Scan the records below and copy every line that contains the string "Used".

(Extracted information)

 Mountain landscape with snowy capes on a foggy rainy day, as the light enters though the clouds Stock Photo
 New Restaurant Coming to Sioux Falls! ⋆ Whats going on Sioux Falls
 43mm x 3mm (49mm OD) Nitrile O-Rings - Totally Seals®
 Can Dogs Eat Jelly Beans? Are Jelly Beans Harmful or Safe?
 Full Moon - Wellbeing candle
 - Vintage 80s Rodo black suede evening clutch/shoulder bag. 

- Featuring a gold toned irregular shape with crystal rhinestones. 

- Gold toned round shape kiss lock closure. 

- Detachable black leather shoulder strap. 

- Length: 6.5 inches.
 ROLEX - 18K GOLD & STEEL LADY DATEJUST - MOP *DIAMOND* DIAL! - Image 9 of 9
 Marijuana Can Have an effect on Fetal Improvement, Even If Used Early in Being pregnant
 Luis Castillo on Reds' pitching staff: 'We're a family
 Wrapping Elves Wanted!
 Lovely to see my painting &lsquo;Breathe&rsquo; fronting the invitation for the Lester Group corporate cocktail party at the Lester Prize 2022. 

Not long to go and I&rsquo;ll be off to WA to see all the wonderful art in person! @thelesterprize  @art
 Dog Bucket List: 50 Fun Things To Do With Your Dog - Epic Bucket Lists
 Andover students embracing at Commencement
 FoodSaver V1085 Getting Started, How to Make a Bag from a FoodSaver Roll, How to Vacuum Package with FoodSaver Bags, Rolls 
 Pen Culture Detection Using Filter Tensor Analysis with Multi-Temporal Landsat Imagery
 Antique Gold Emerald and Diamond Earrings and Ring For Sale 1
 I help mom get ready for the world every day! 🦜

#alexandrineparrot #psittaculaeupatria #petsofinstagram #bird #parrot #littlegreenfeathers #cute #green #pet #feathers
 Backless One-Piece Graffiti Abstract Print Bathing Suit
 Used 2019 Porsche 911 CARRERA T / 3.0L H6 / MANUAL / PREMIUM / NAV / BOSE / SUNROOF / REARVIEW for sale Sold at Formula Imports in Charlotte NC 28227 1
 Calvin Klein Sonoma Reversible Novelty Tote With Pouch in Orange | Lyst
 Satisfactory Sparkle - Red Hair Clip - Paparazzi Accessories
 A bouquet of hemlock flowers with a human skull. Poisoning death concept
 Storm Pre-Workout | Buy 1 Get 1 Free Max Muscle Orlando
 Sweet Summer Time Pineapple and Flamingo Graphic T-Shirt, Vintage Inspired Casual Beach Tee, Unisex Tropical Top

(End Extracted information)

Reply to the exercise:
 Marijuana Can Have an effect on Fetal Improvement, Even If Used Early in Being pregnant
 Used 2019 Porsche 911 CARRERA T / 3.0L H6 / MANUAL / PREMIUM / NAV / BOSE / SUNROOF / REARVIEW for sale Sold at Formula Imports in Charlotte NC 28227 1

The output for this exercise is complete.